The target directory in this example is within the grid home but the location can be anywhere that is accessible to Oracle.

[oracle@rac1]$ mkdir /u01/app/11.2.0.2/grid/network/admin/cost

[oracle@rac1]$ orapki wallet create -wallet /u01/app/11.2.0.2/grid/network/admin/cost

Oracle PKI Tool : Version 11.2.0.2.0 - Production
Copyright (c) 2004, 2010, Oracle and/or its affiliates. All rights reserved.

b) The new wallet will contain a number of trusted certificates that are installed by default, remove all of these well known trusted certificates from the wallet.

This step is optional. Removing the extra trusted certificates that come installed with a new wallet is a housecleaning step and does not affect function. If you skip this step there will just be more output seen when viewing the finished wallet in step 1.1-d.

[oracle@rac1]$ orapki wallet remove -trusted_cert_all -wallet /u01/app/11.2.0.2/grid/network/admin/cost

Oracle PKI Tool : Version 11.2.0.2.0 - Production
Copyright (c) 2004, 2010, Oracle and/or its affiliates. All rights reserved.

c) Create a self-signed certificate that will be stored in the wallet.

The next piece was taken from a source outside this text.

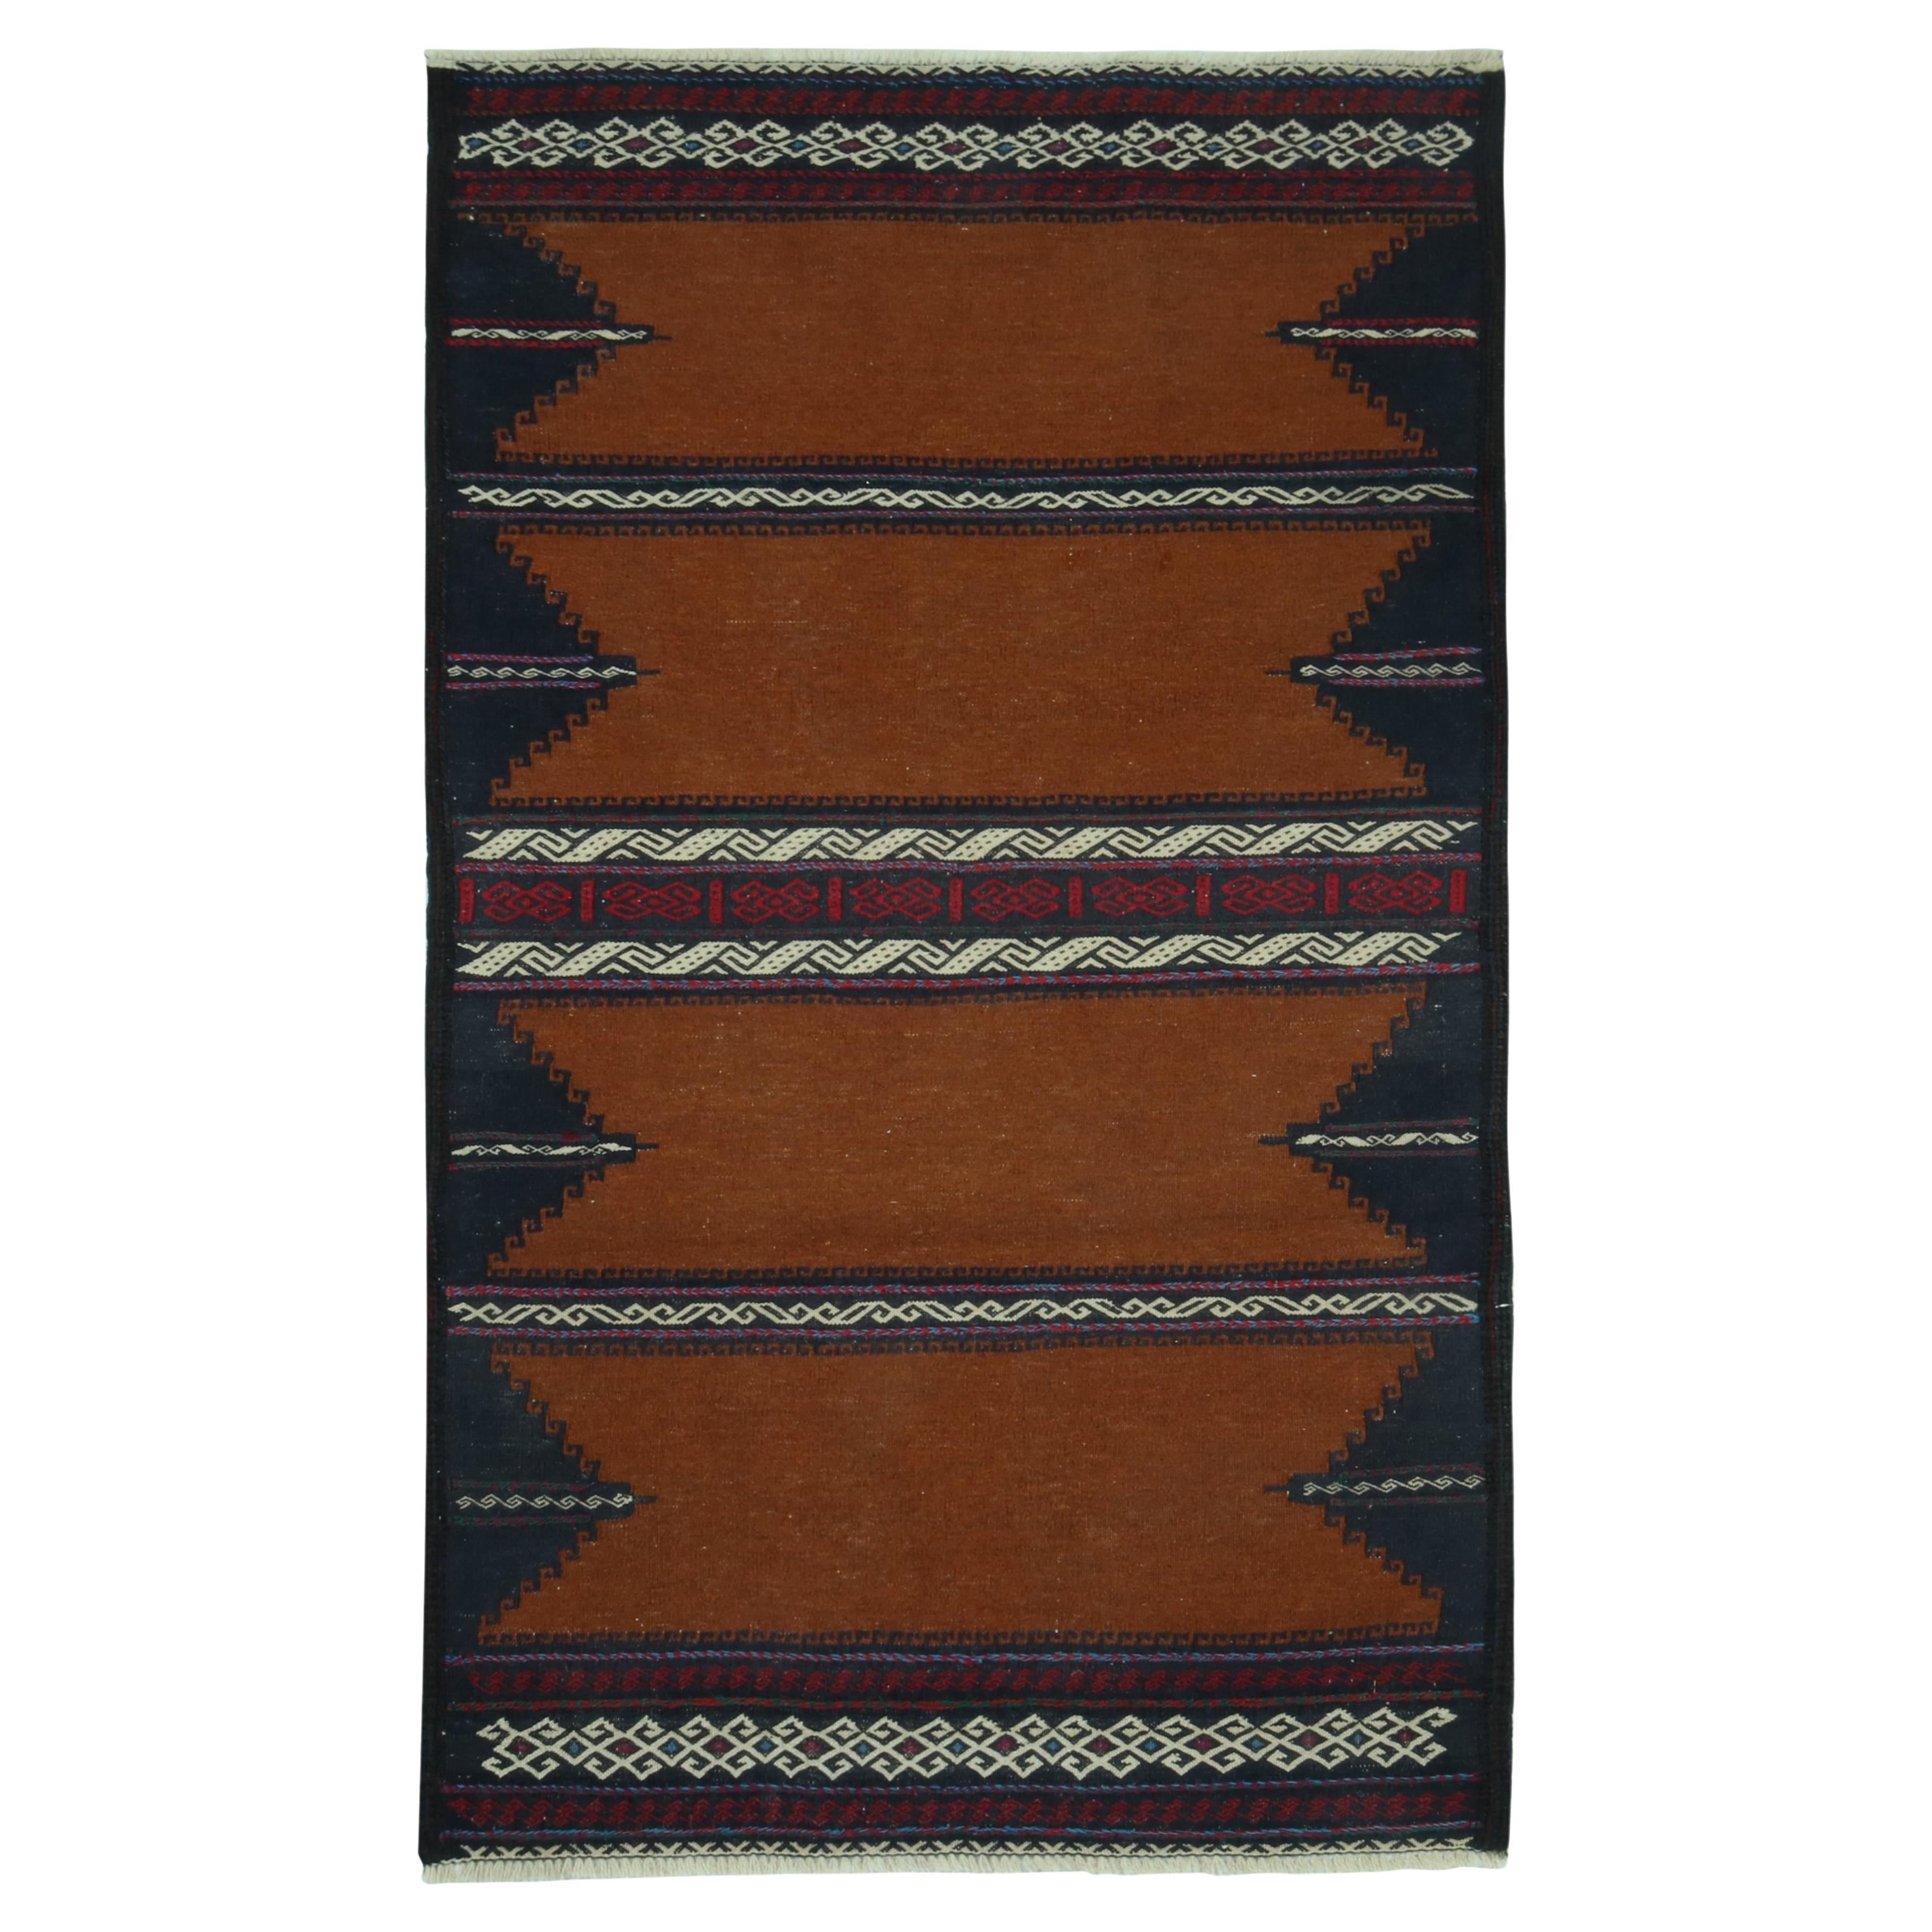 Vintage Sofreh Persian Kilim in Brown with Geometric Patterns, by Rug & Kilim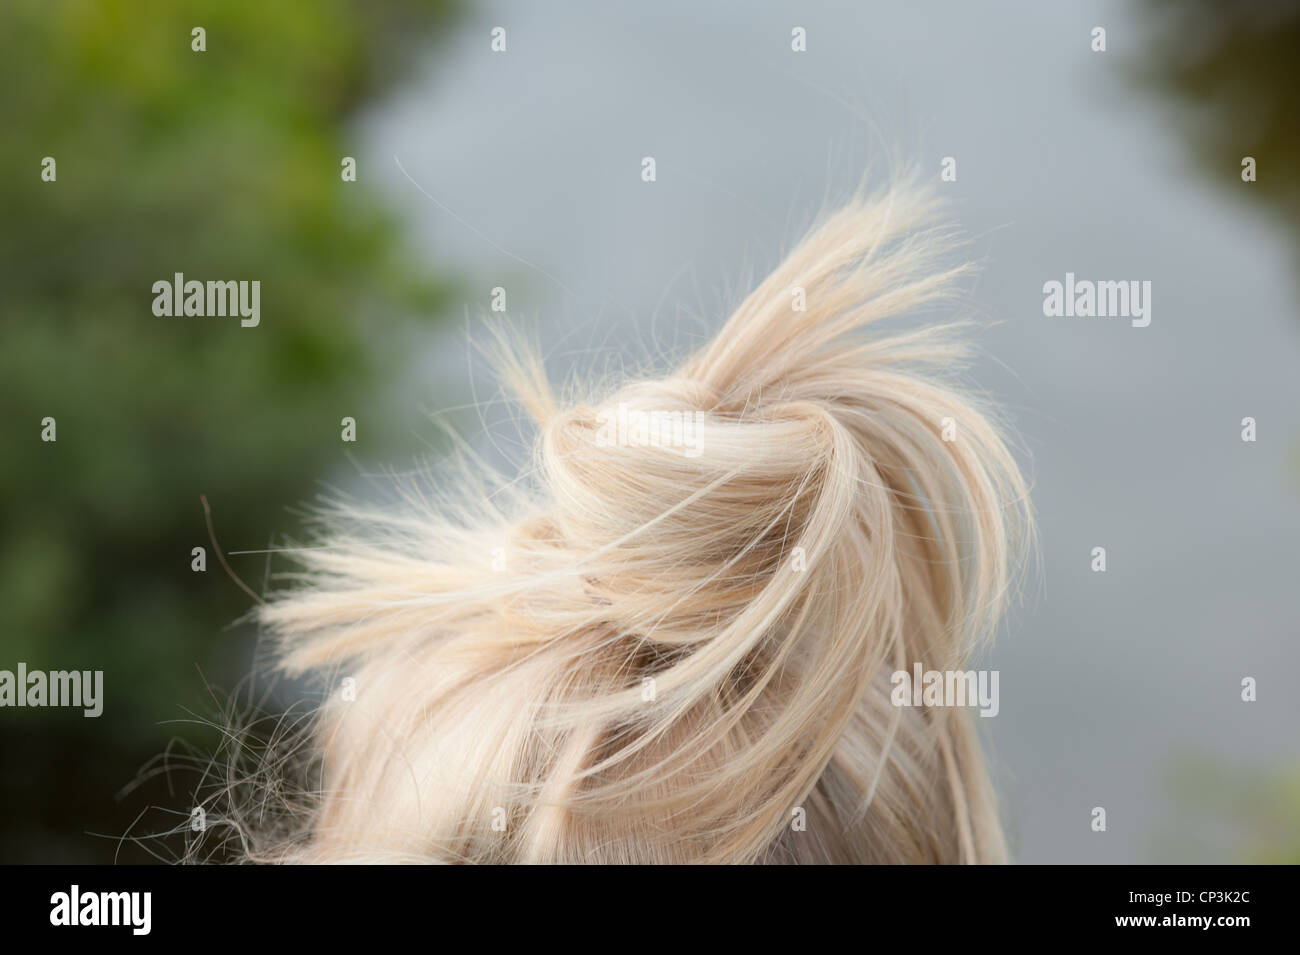 Blonde bun on top of girl's head Stock Photo

This step creates a SSL certificate with the CN (common name) attribute value set to "cn=secure_register". This value can be used as is or interchanged with your own naming convention, e.g., "cn=orclprod".

 

[oracle@rac1]$ orapki wallet add -wallet /u01/app/11.2.0.2/grid/network/admin/cost -self_signed -dn "cn=secure_register" -keysize 1024 -validity 3650

Oracle PKI Tool : Version 11.2.0.2.0 - Production
Copyright (c) 2004, 2010, Oracle and/or its affiliates. All rights reserved.

d) View the wallet contents to confirm that it has a single trusted and user certificate.

[oracle@rac1]$ orapki wallet display -wallet /u01/app/11.2.0.2/grid/network/admin/cost -summary

Oracle PKI Tool : Version 11.2.0.2.0 - Production
Copyright (c) 2004, 2010, Oracle and/or its affiliates. All rights reserved.

Requested Certificates:
User Certificates:
Subject: CN=secure_register
Trusted Certificates:
Subject: CN=secure_register

e) Make copies of the finished wallet (ewallet.p12) and place on each node in the same directory location; /u01/app/11.2.0.2/grid/network/admin/cost.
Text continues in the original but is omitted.